[Roger makes notes.
Dimsdell. Good night, dear wife, good night.
The stars of Heaven melt into angel forms
Which stoop to lift me to the gates of bliss.
Farewell, farewell! Nay, weep not, Hester;
Our sins are now forgiven.
Yea, though I walk through the valley of th' shadow of death,
I will fear no evil.—Say it with me, Hester.
Roger. Will he die thus?
[Examines Dimsdell.
The pulse is weak—a clammy sweat—
'Tis but the culmination of the trance.
'Tis but a dream. A dream! Yet one must die;
And to our human thought that death were best
That came preceded by a flag of truce
To parley peace. To pass away in dreams—
Without the vain regret for work undone;
Without a load of sin to weight the soul;
With all the argentry of honored age
To frost our past; with all the fiercer heats
Of life burnt out into the cold, gray ash—
That were peace!
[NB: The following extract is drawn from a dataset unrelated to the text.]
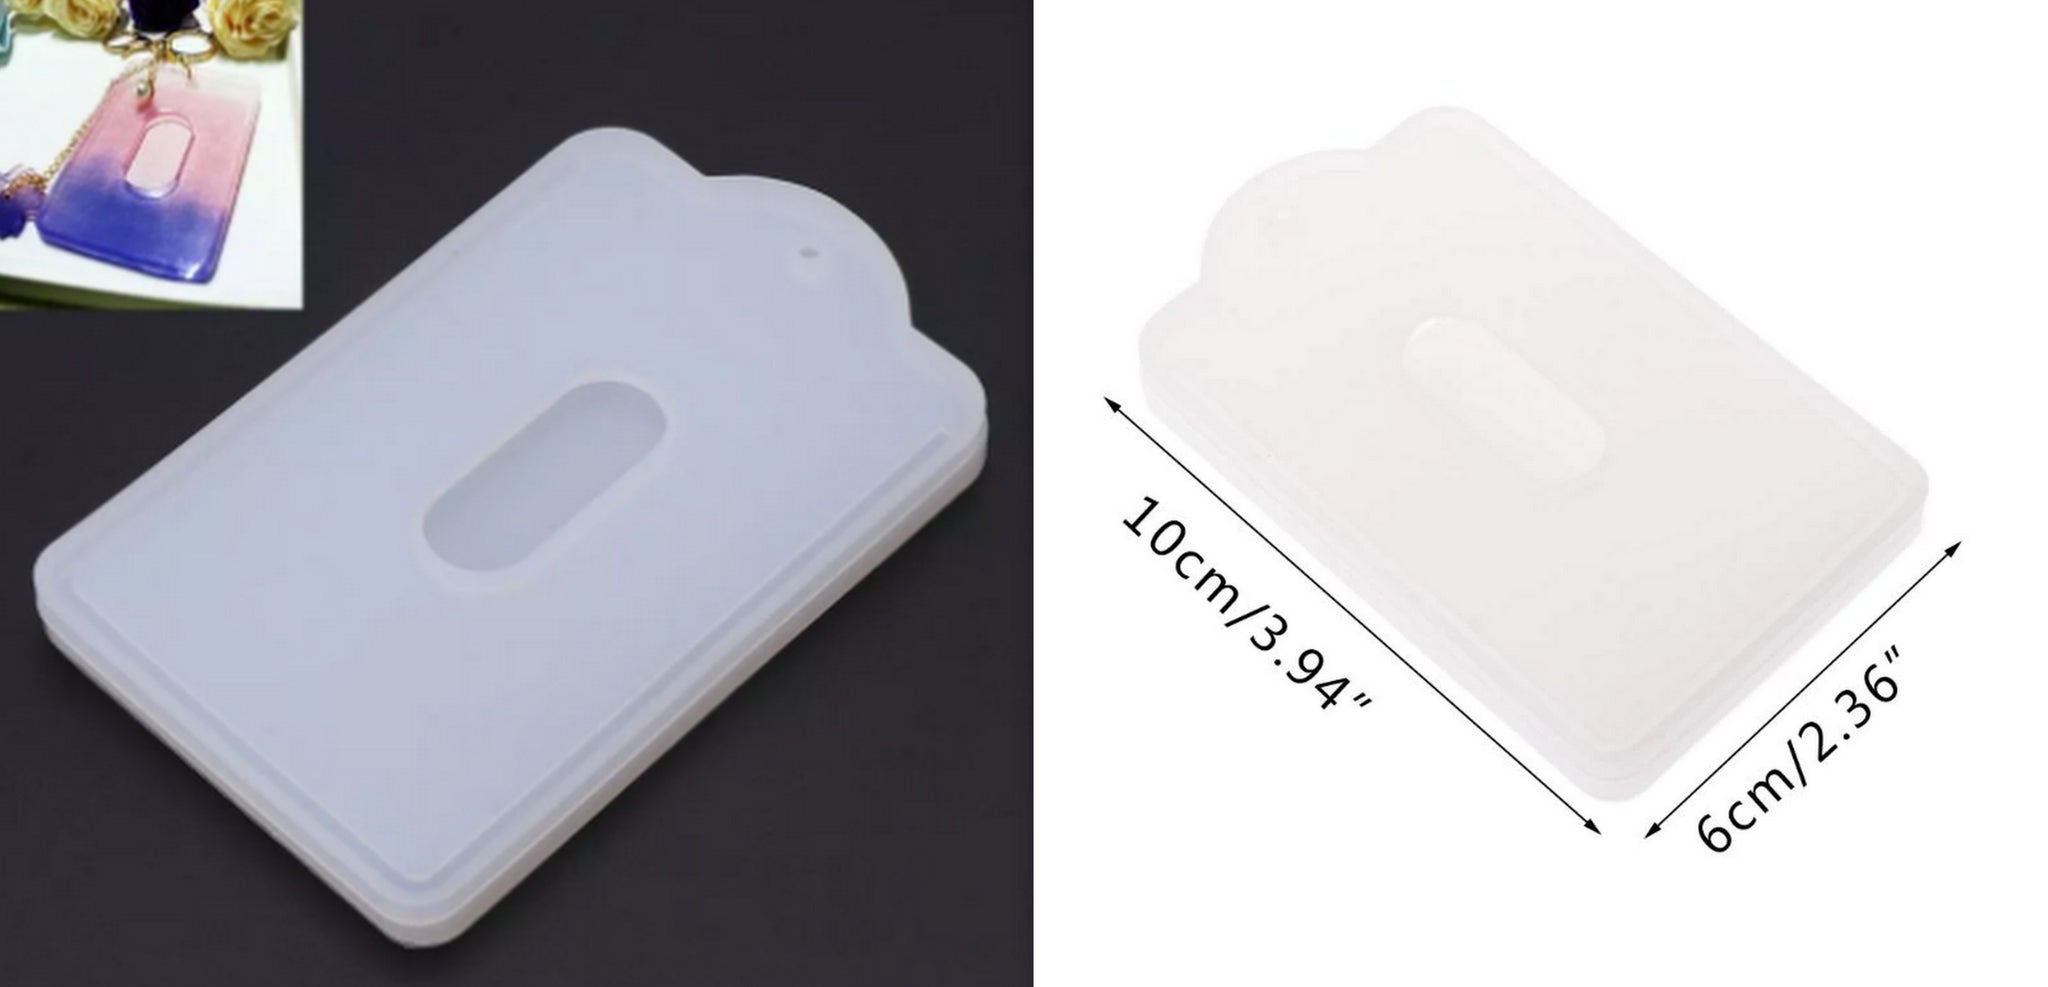 Card Pocket ID Holder Silicone Mold For Making Resin Jewellery

Then might a man yield up
The willing ghost as calmly as a child
That falls asleep upon its mother's breast
To wake in paradise.
Dimsdell starts up.
Dimsdell. I see thee now—and now I'll kill, kill, kill—
If thou be Satan I cannot harm thee—
But if a man—
Dimsdell attempts to reach Roger, who keeps the one chair of the room in front of him and thus wards off Dimsdell.